# Provided material
+++

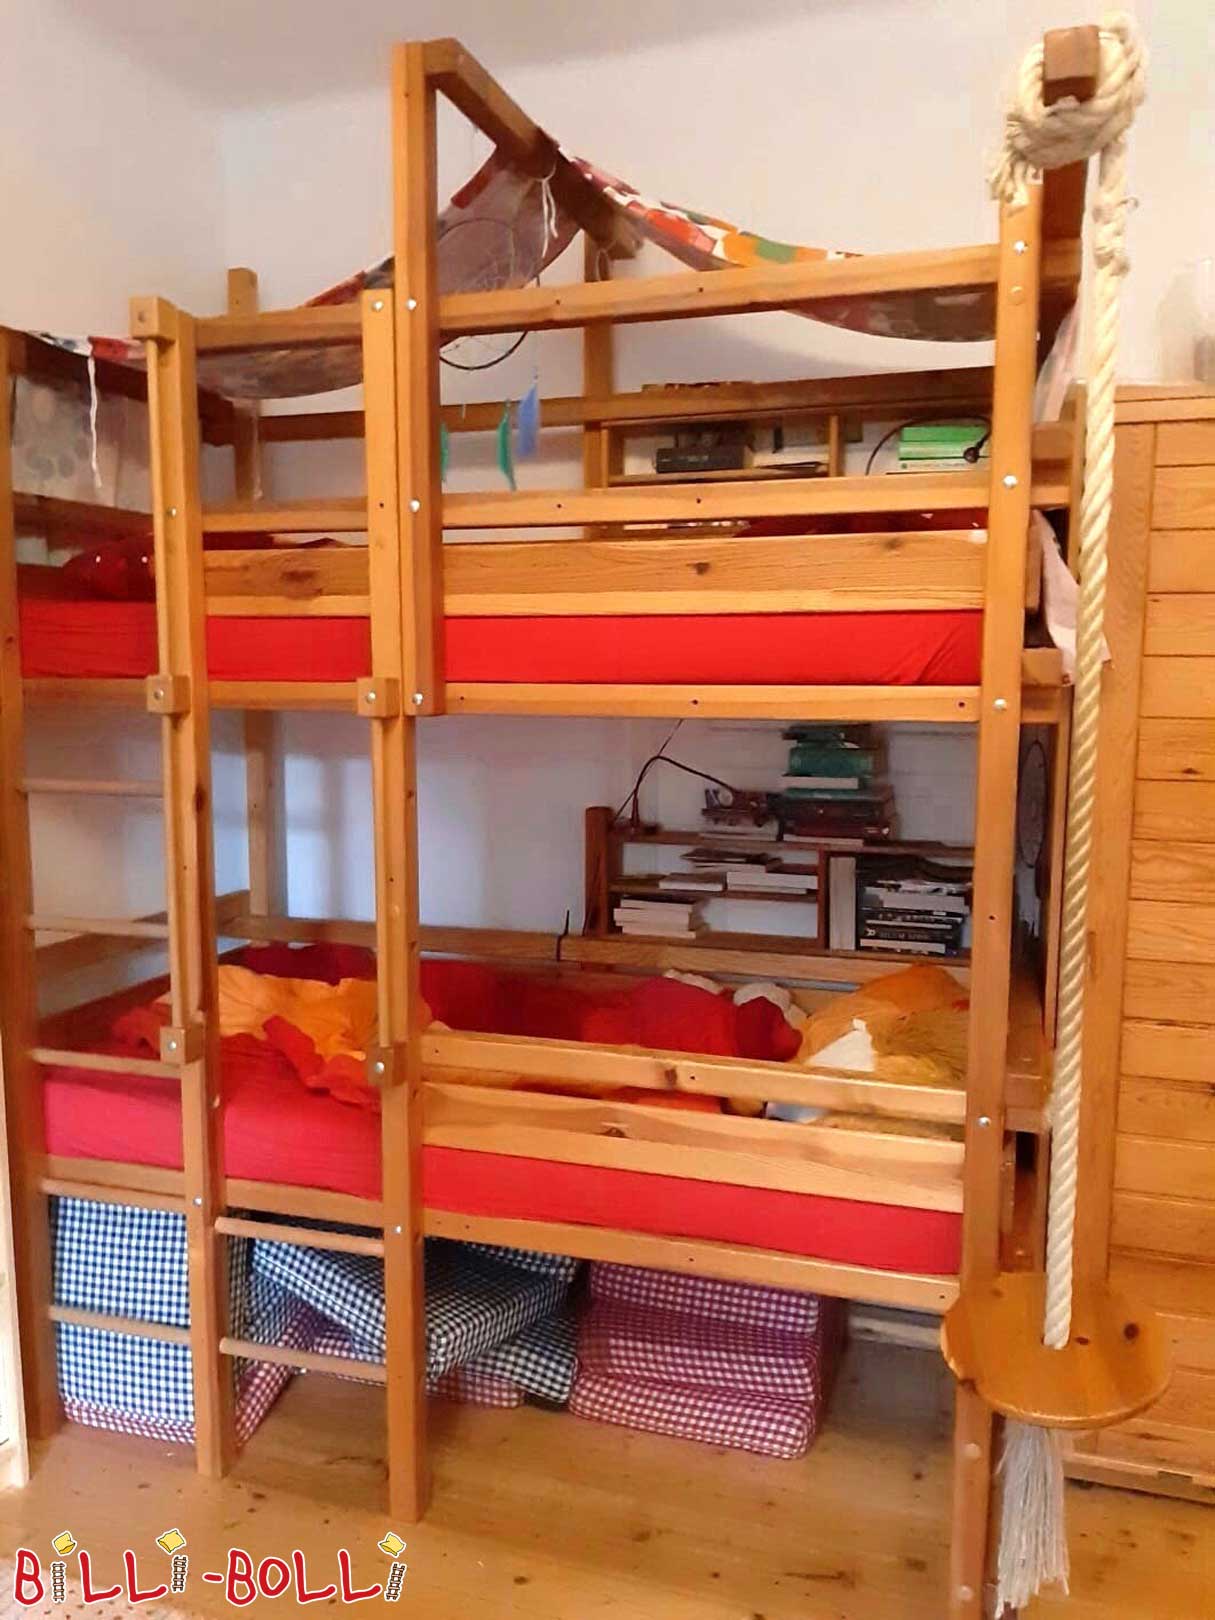 Krevet na kat ekstra visok i raste s djetetom (Kategorija: Korišten krevet u potkrovlju)
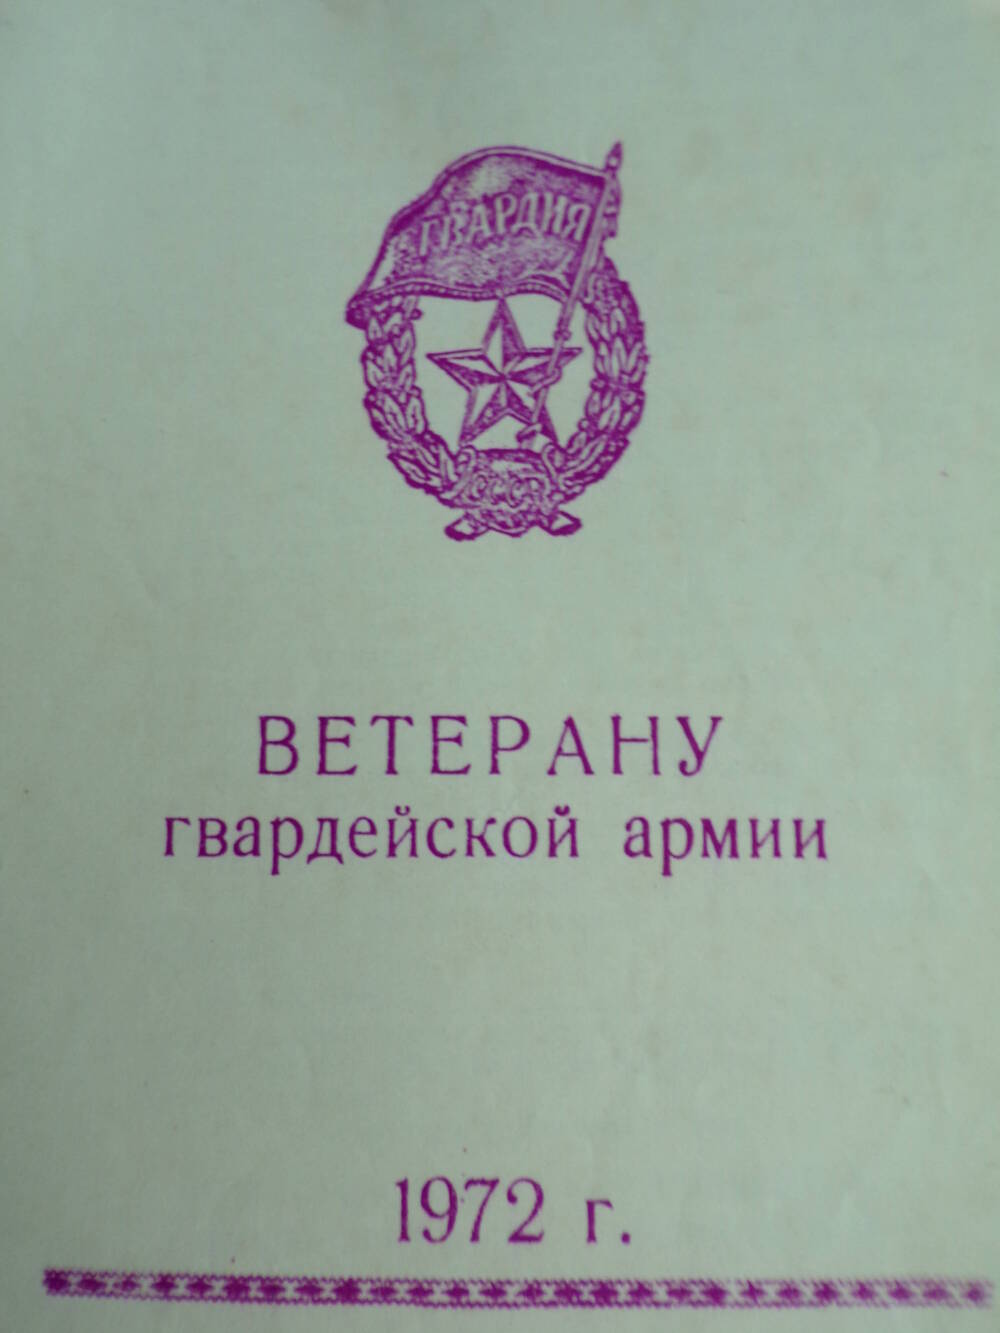 Пожелания Ветерану гвардейской армии. 1972 г.
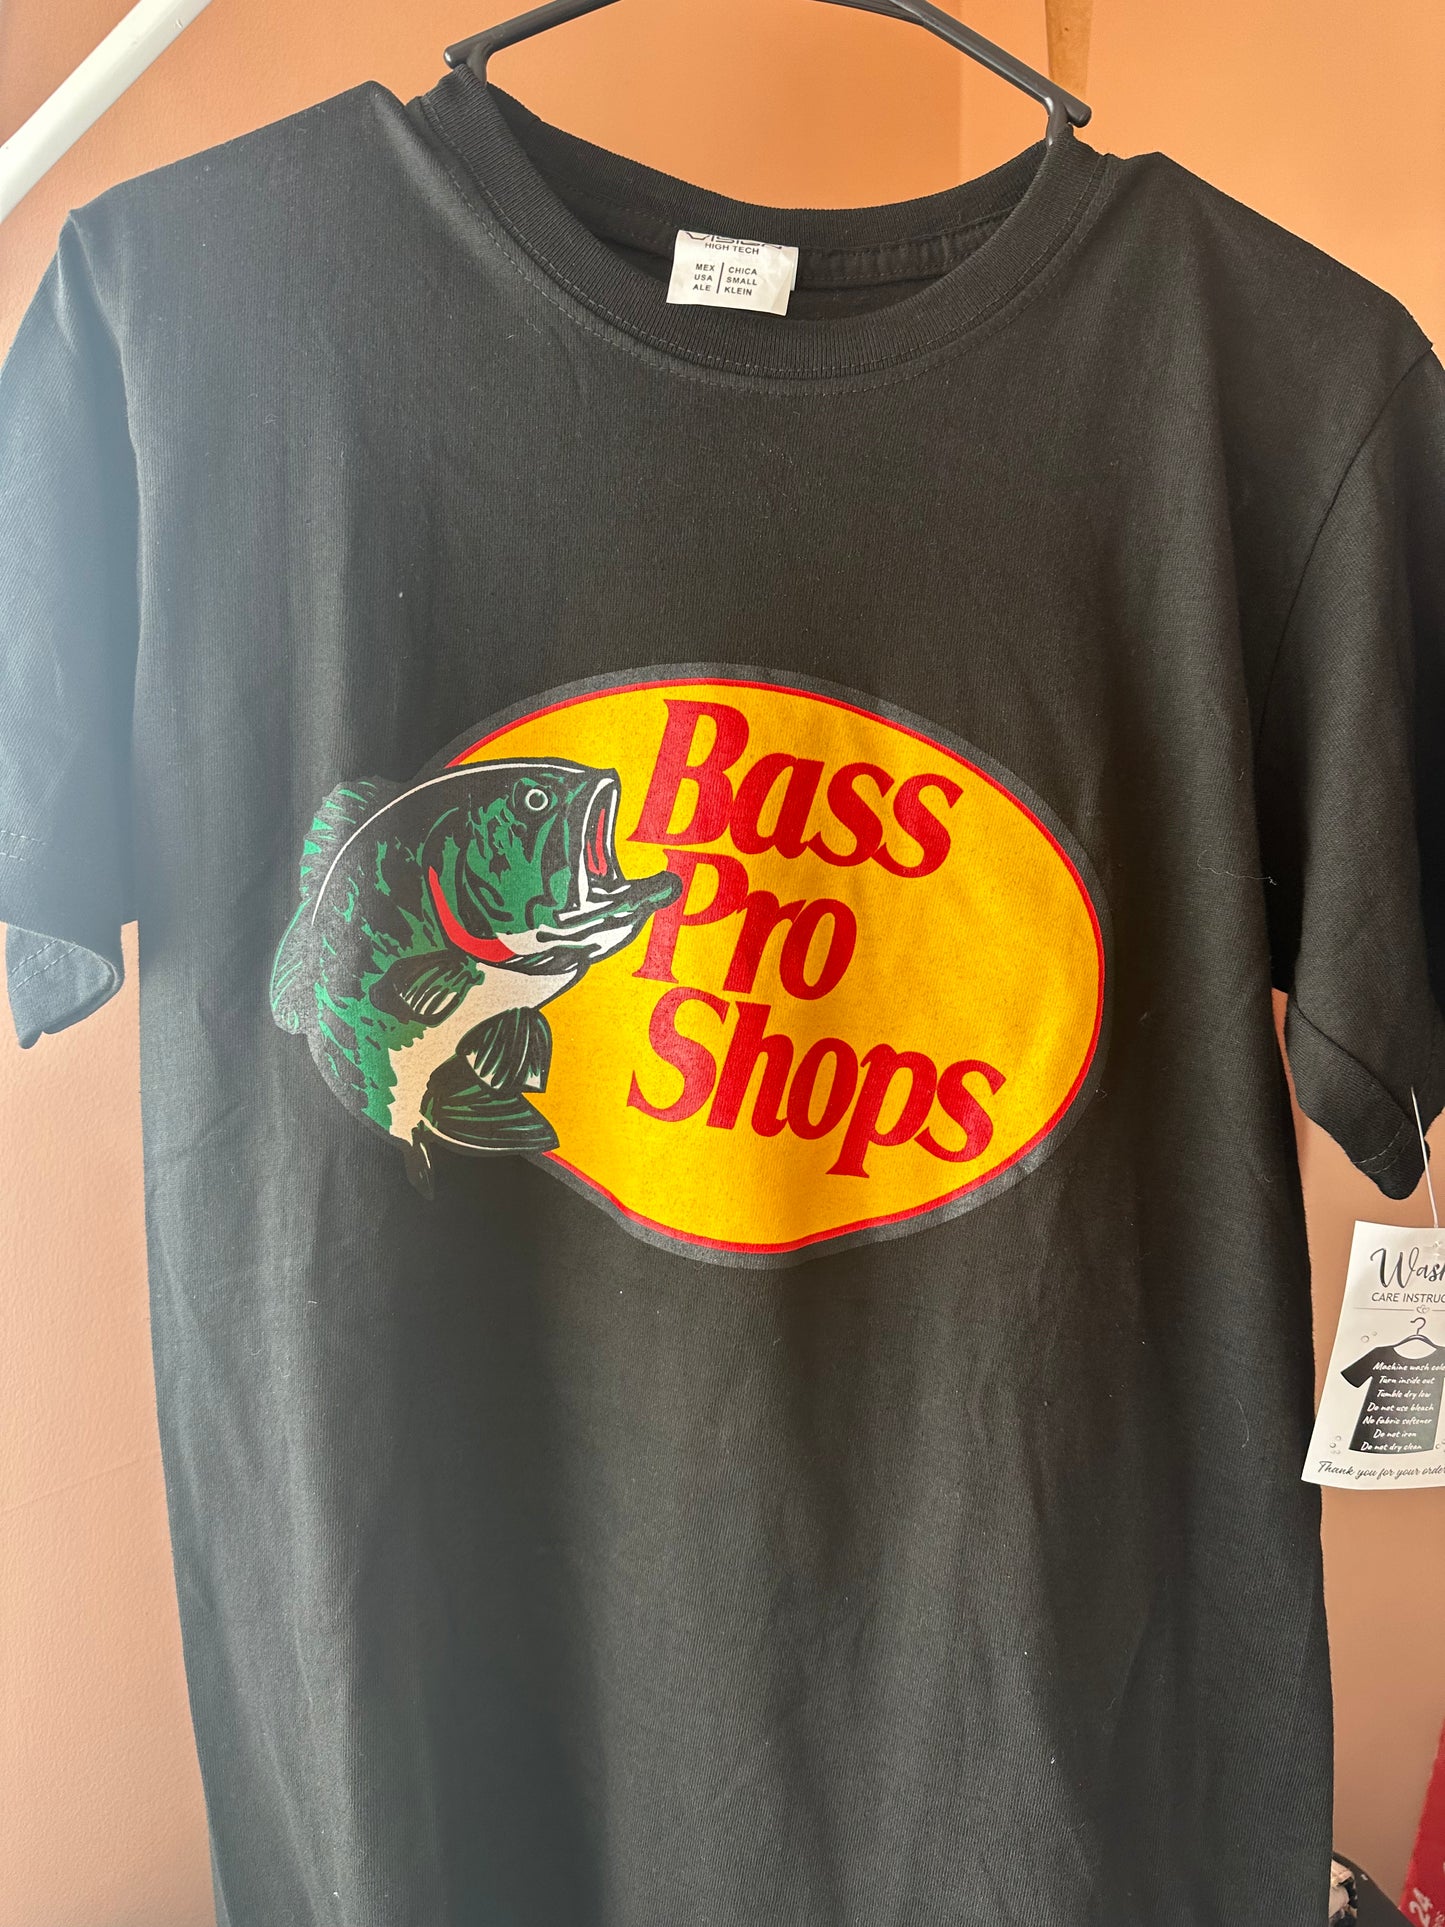 Bass pro shops t-shirt

+++

Everything from the line with "Пожелания Ветерану гвардейской" through the end of the listing above, both ends included, should be set down exactly; copy nothing else, and skip the pictures.

# Response box
 Пожелания Ветерану гвардейской армии. 1972 г.
 Bass pro shops t-shirt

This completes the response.